- **GOAL OF THE EXERCISE**: You are asked to repeat the listing word for word and to leave out its pictures.

THE DATA: Begin

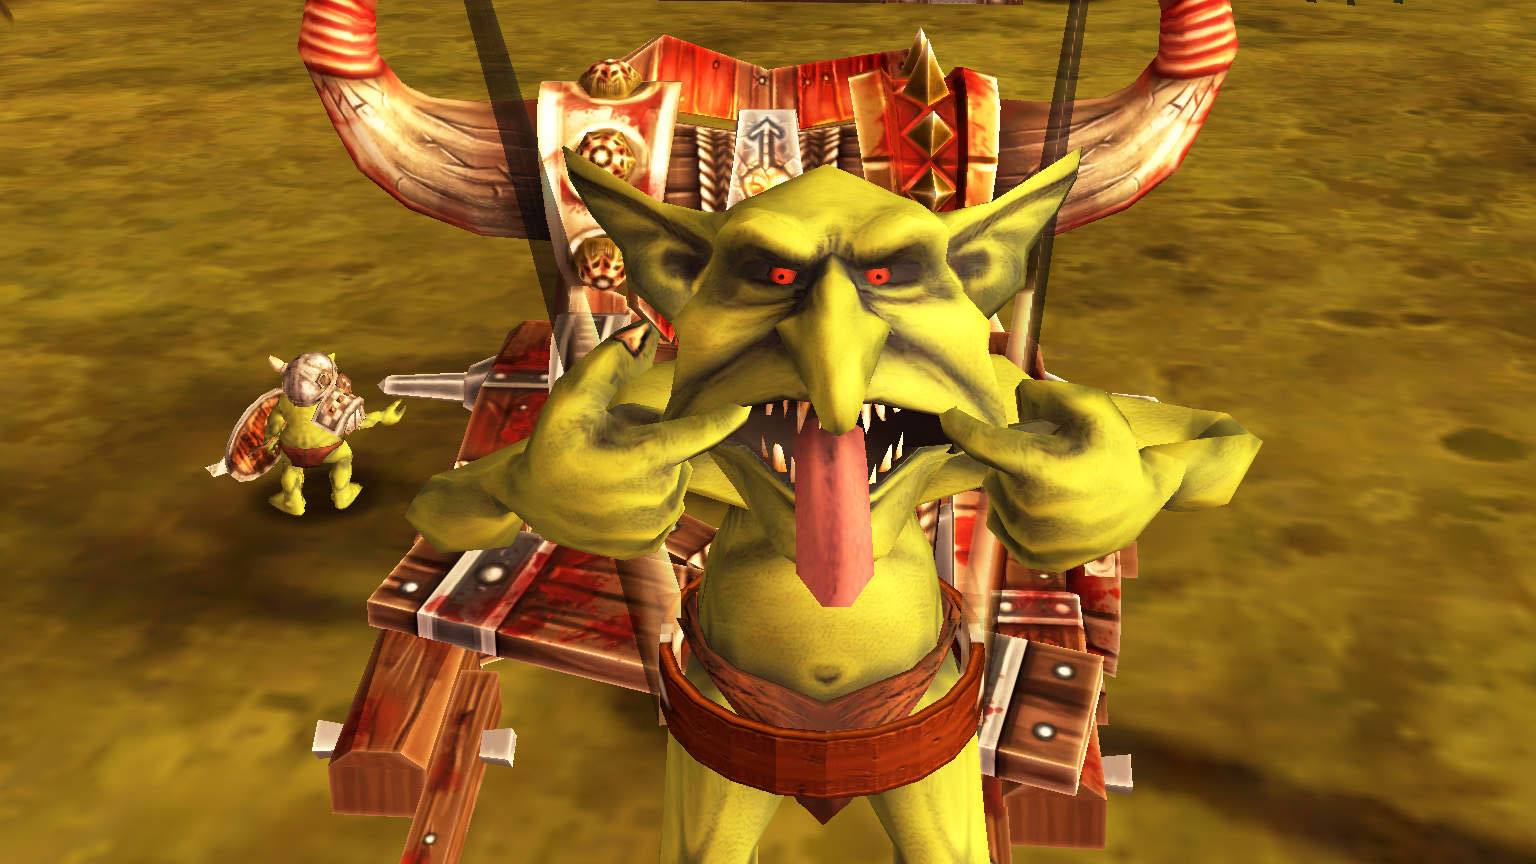 Get Lots of Warhammer for Little Price in the Humble Mobile Bundle
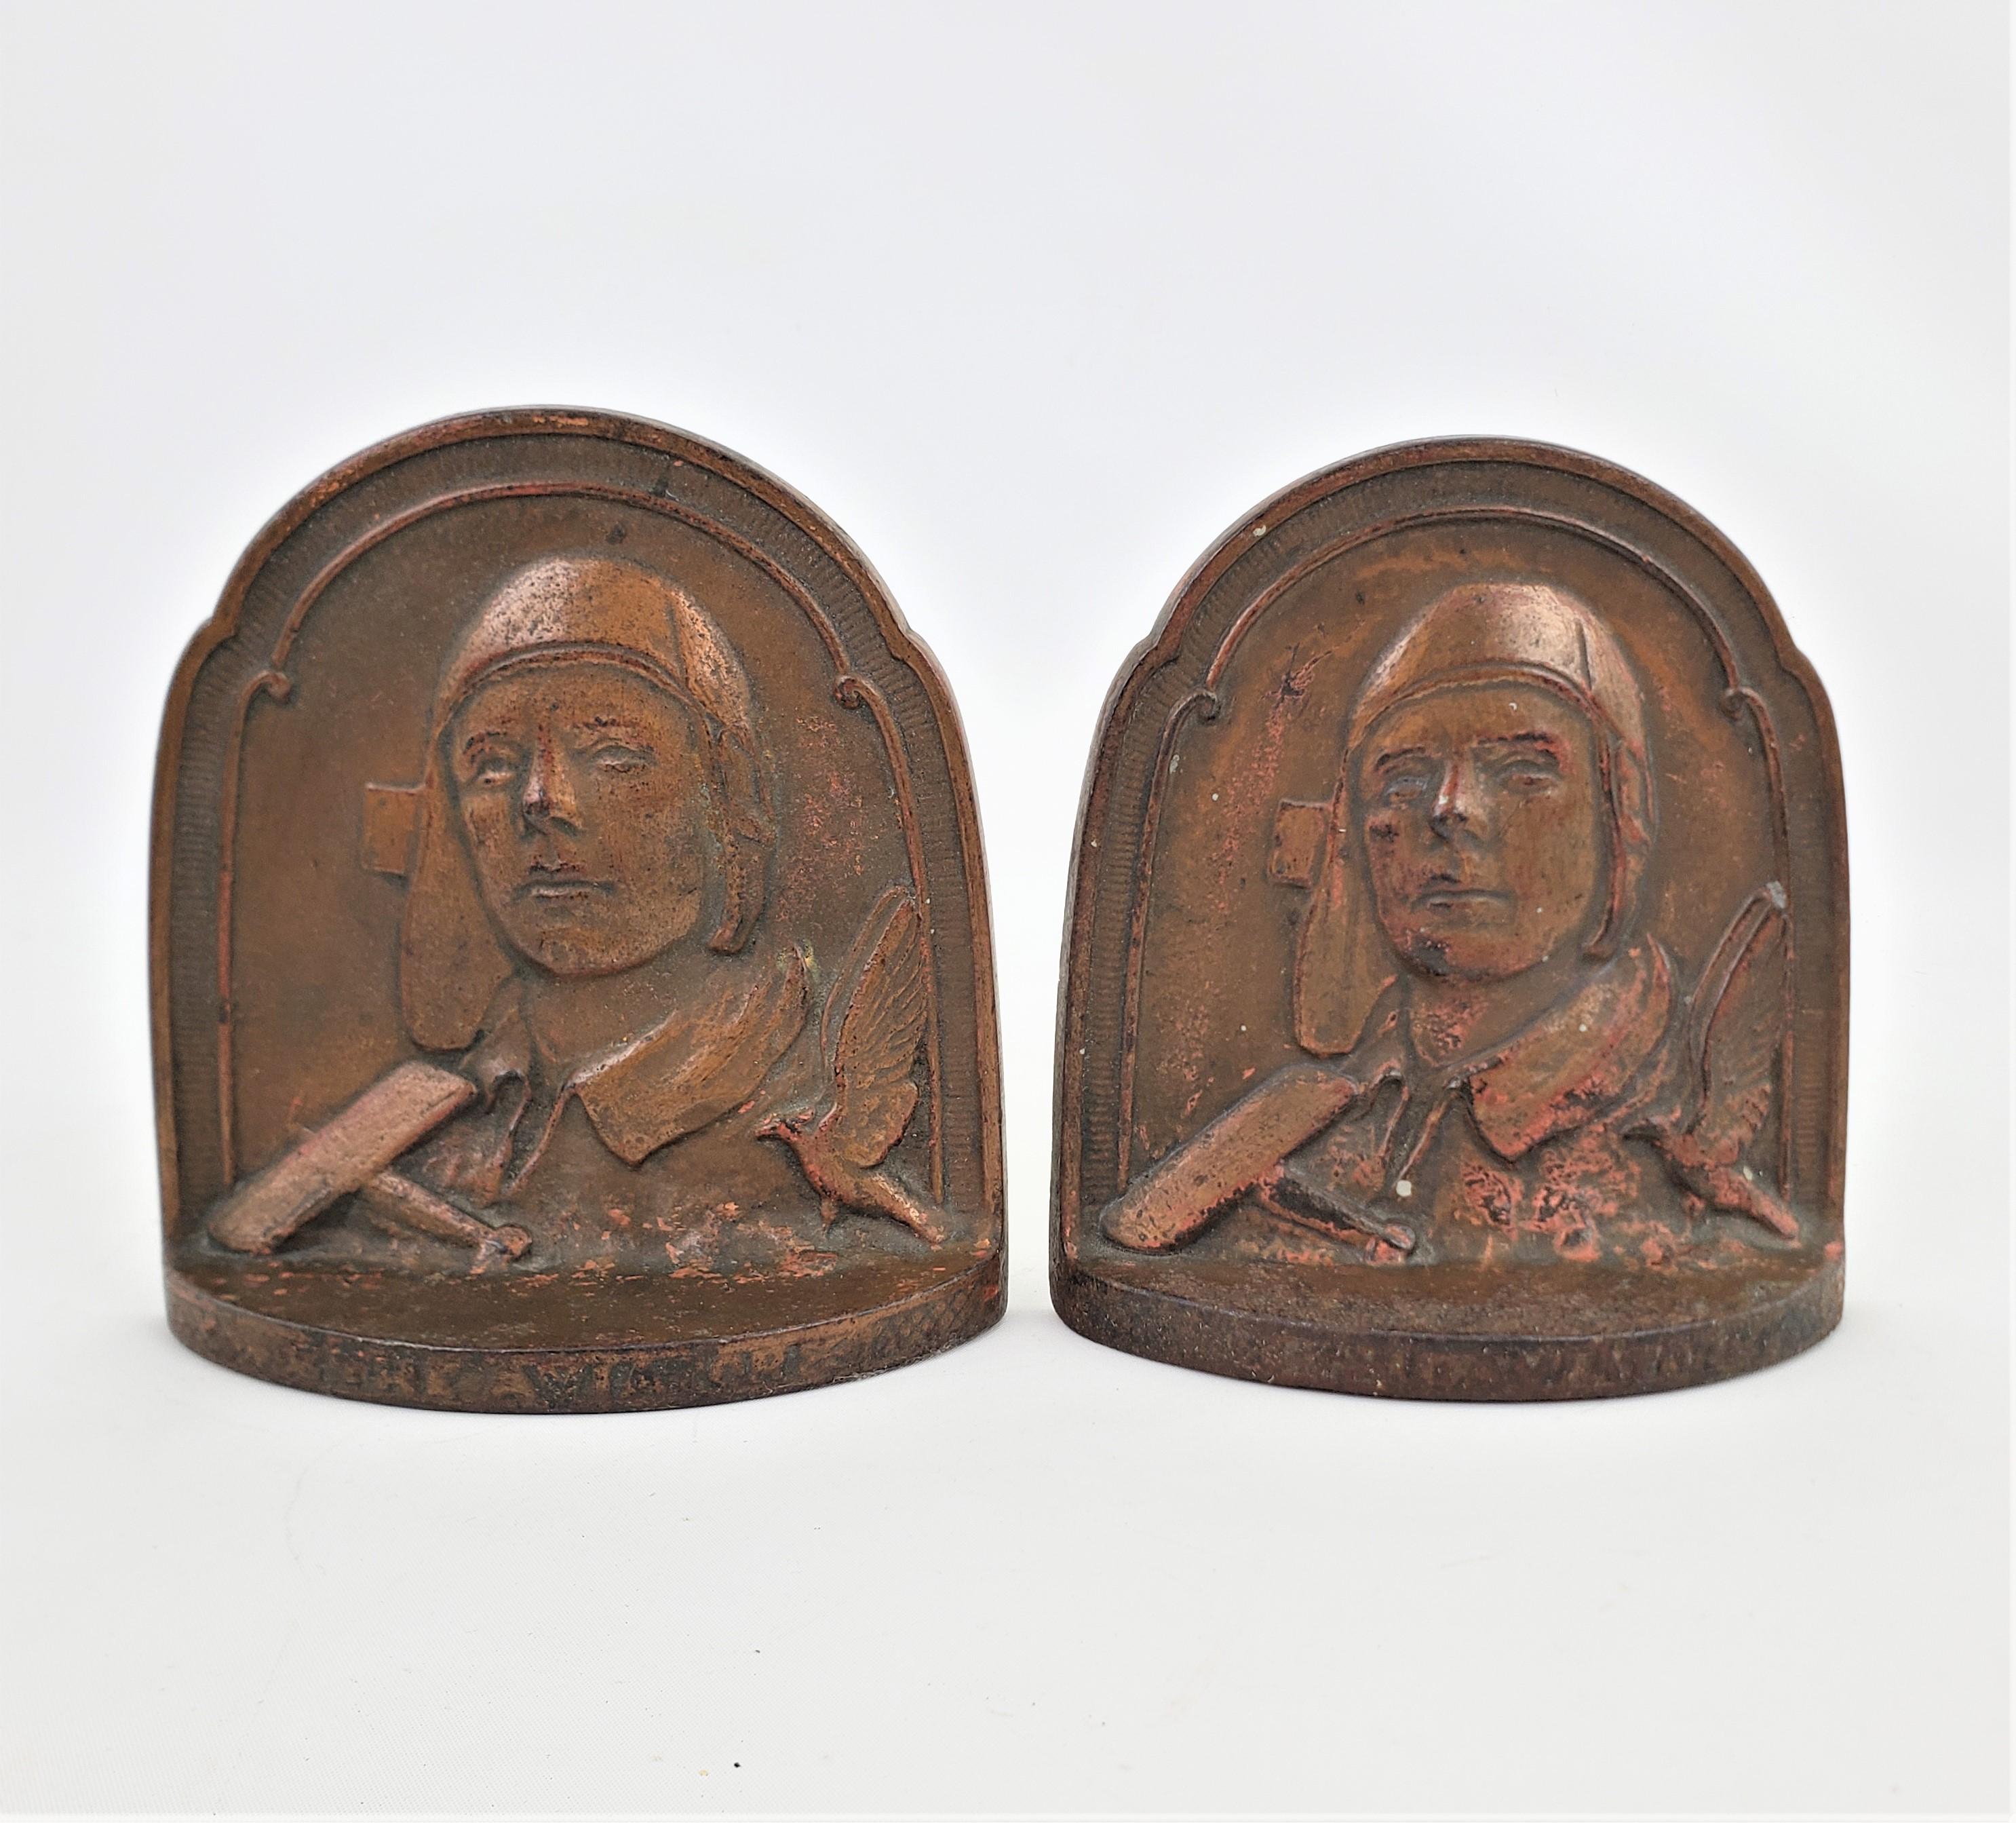 This set of cast and patinated bookends are signed by an unknown maker, but presumed to be early examples made by COPR of the United States during the 1920's in the period Art Deco style. The bookends show a relief depicting Charles Lindbergh with
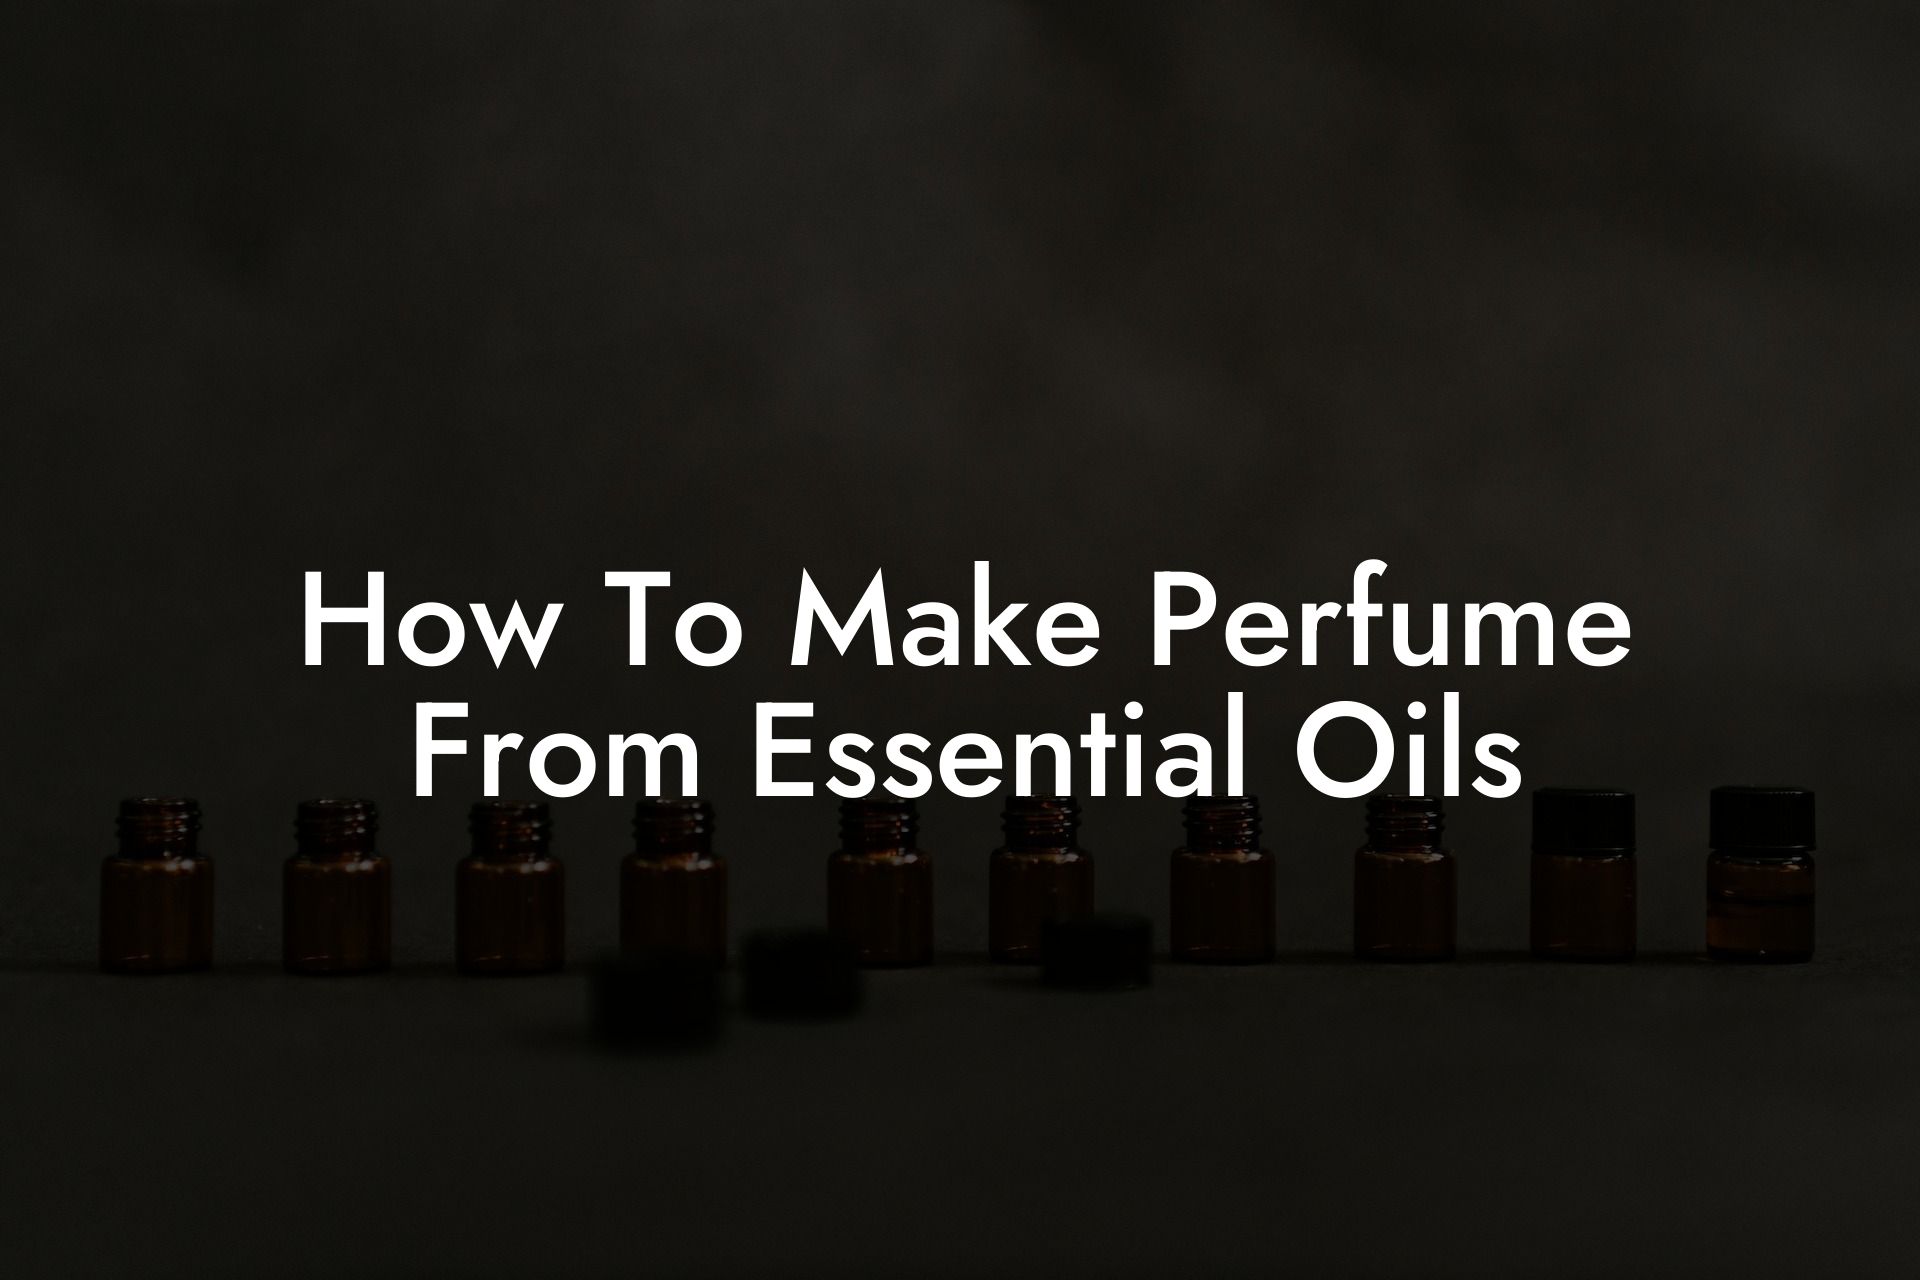 How To Make Perfume From Essential Oils

THE DATA: End

- **EXPECTED ANSWER**:
 Get Lots of Warhammer for Little Price in the Humble Mobile Bundle
 This set of cast and patinated bookends are signed by an unknown maker, but presumed to be early examples made by COPR of the United States during the 1920's in the period Art Deco style. The bookends show a relief depicting Charles Lindbergh with
 How To Make Perfume From Essential Oils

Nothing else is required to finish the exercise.